CircRNA localization could also be studied through a global analysis of the RNAs bound by proteins involved in transport. mRNAs are transported from the soma to the synapse in the form of compacted ribonucleoparticles known as RNA granules (Knowles et al., 1996; El Fatimy et al., 2016). FMRP, an RBP involved in the control of local protein synthesis (Khandjian et al., 2004; Stefani et al., 2004), is one of the proteins contained in these granules. Linear RNAs interacting with FMRP have been previously identified through PAR-CLIP (Ascano et al., 2016); we plan to reanalyse this experiment in order to determine whether FMRP binds circRNAs and if these molecules share a common motif.
In general, RNA-protein interaction data coming from high-throughput experiments deposited in public databases represent a valuable source of information for the identification of sequence and structure patterns that allow circRNAs to interact with their protein partners. These data will also be useful to test the performance of the circRNA-protein interaction predictor we plan to develop. At present, the only way to predict these interactions using the existing tools is to provide them with an "extended" linear sequence, with the first N nucleotides repeated at the end so as to represent the back-splicing junction. Although this approach may roughly simulate the circularity of the input molecule, the secondary structure, which is used by the software to predict the interaction, is not correctly predicted and represented. A proper description of the structural features of circRNAs will make these programs more capable of detecting their protein interactors.
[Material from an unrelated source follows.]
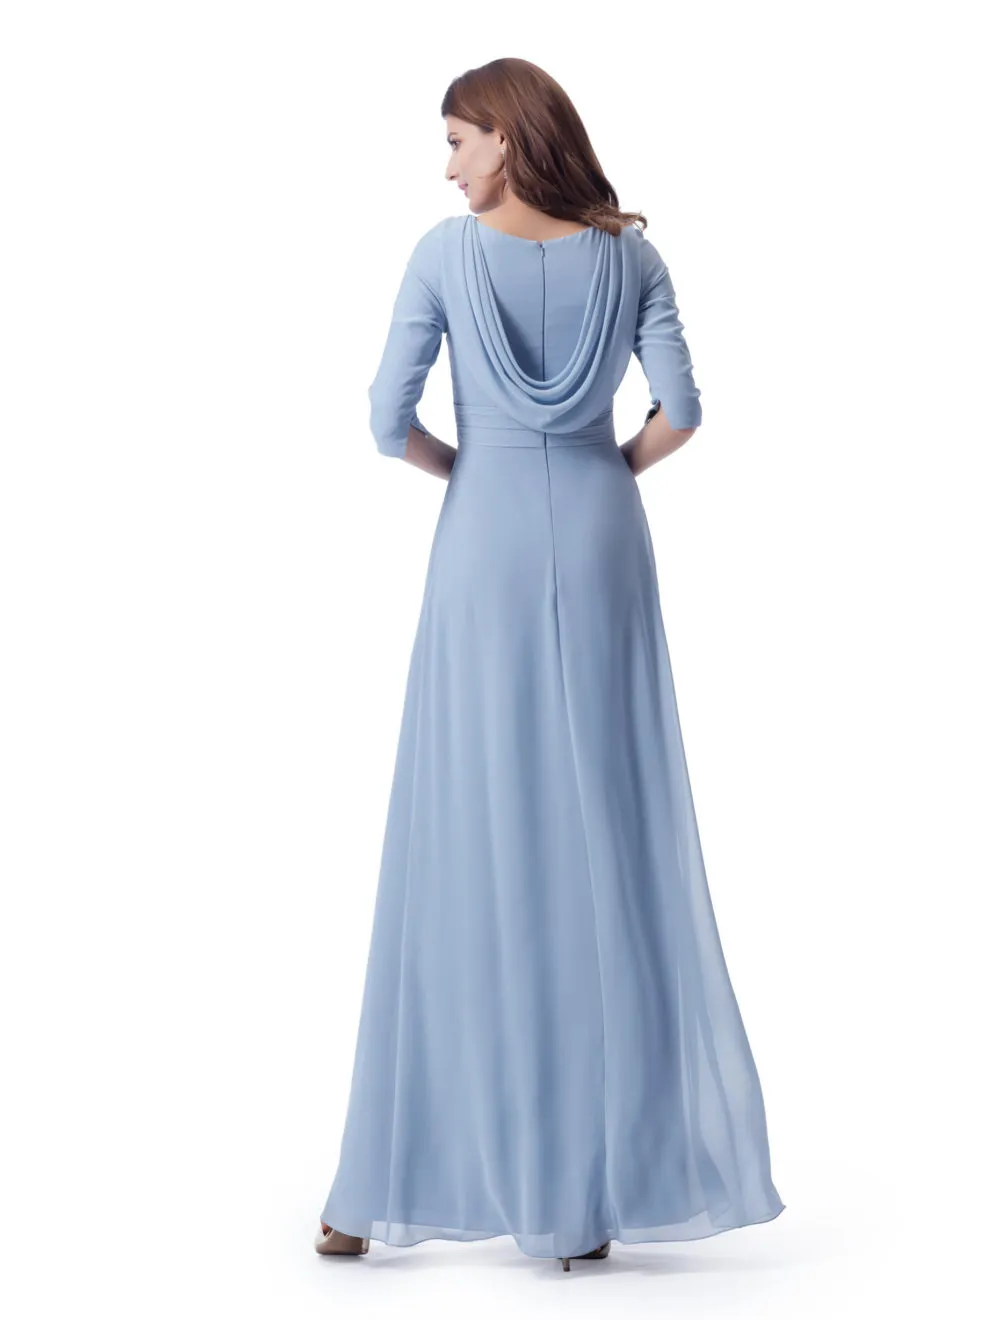 Pastal Niebieski Długie Skromne Suknie Druhna z 34 Rękawami Ruched Szyfonowa Długość Kostka Formalna Party Wedding Dresses LDS Maids of Honor Dress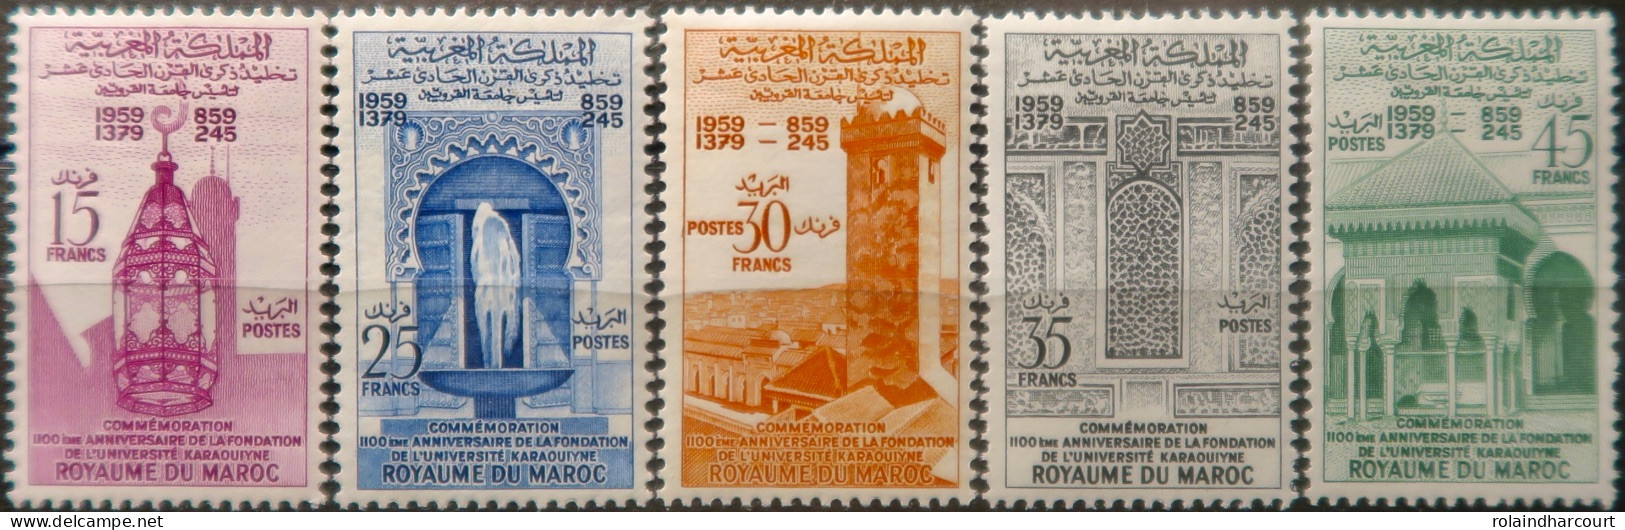 LP3844/2238 - MAROC - 1960 - SERIE COMPLETE - N°405 à 409 NEUFS* - Marocco (1956-...)

The proposed project describes a purely bioinformatic work, however the methodologies we plan to develop will be extensively tested and used in our molecular biology laboratory. Regarding the sequence and structure motifs identified, we will be able to evaluate their functionality through mutagenesis experiments. The motif discovery pipeline will also be used to find patterns shared among the interactors of the RBPs we are studying, such as FUS. The circRNA-protein interaction predictor will be employed to find the proteins interacting with circRNAs studied in our laboratory; mass spectrometry experiments will be conducted to corroborate the results and test the effectiveness of the program.
We strongly believe that, besides our laboratory, anyone who studies circRNAs will benefit from these methodologies.